Pope Francis had lunch this Saturday in Panama with five boys and girls representing the continents and with them he could address the issue of abuse by the clergy and notes that "young people are suffering for it."
This was revealed by the Mexican, but settled in the United States, Brenda Noriega, who spoke with Francisco about this issue that worries the country's young people, where the latest reports and investigations have revealed chilling data about abuses by religious and how they were covered for decades.
Francisco had not yet spoken about the abuses during this visit to Panama, where he arrived on Wednesday to participate in the World Youth Day (WYD).
"The Pope told us that this was a horrible crime and that the Church cannot tolerate that kind of crime," explained Noriega, who was born and raised in Mexico and now lives in San Bernardino, California.
The Pope told them "what needs to be done in the United States is to pray for it" and "the support (of the victims)" is also important.
He mentioned that before this scandal, the country's bishops had been to a spiritual retreat to pray some weeks before.
Noriega explained that she asked the Pope what she can do in her role as youth minister because "some begin to lose faith not in God but in the Church structure."
Francis told her that "the young people are suffering" and "the victims are suffering," and what they have to do is accompany them and "pray for them and for the bishops."

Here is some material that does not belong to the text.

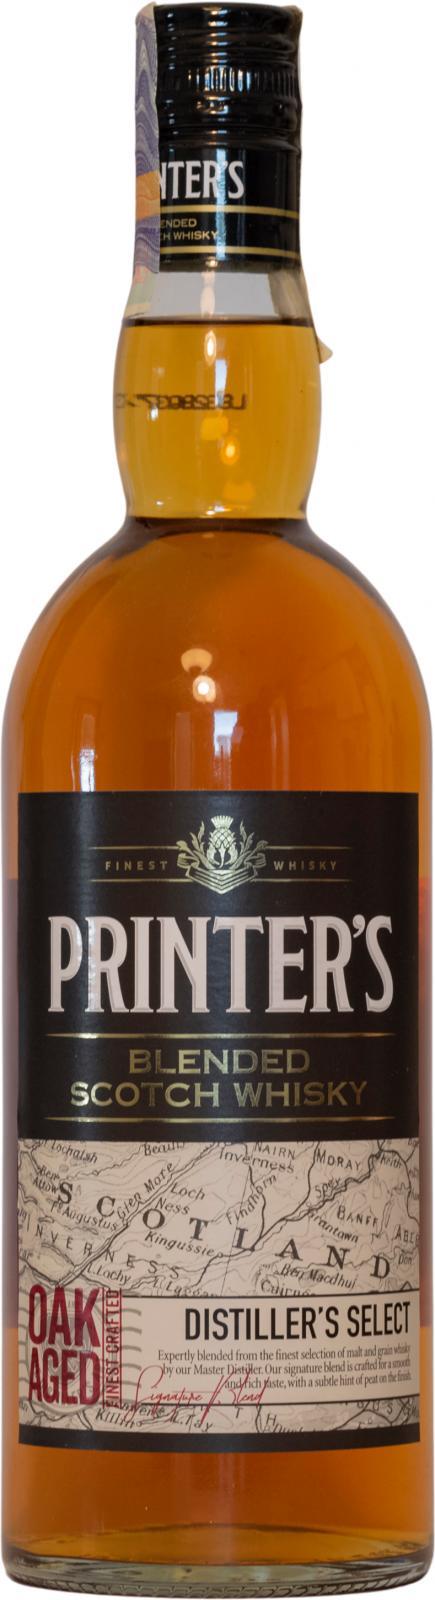 Printer's Distiller's Select

This young woman highlighted, especially, the Hispanic community importance for the Catholic Church in the United States because "the American Catholic new face is my own, that of a Hispanic woman."
At lunch, they also spoke of the Christian's problems in the Holy Land, as a young Palestinian was present, Dana Salah, the Spanish Miguel Angel Croche; the Australian Dennis Montano Galdamez, Angelina Nayire from Burkina Faso, Badwin Taitus from India and Ermilda Santo Montezuma representing the natives of Panama also attended the meeting.
Since Pope Francis stepped on the Panamanian soil, "we have all been very pleased and grateful, above all, for what is happening at the World Youth Day (WYD)," said Bishop Manuel Ochogavia Barahona, Episcopal Conference of Panama's secretary.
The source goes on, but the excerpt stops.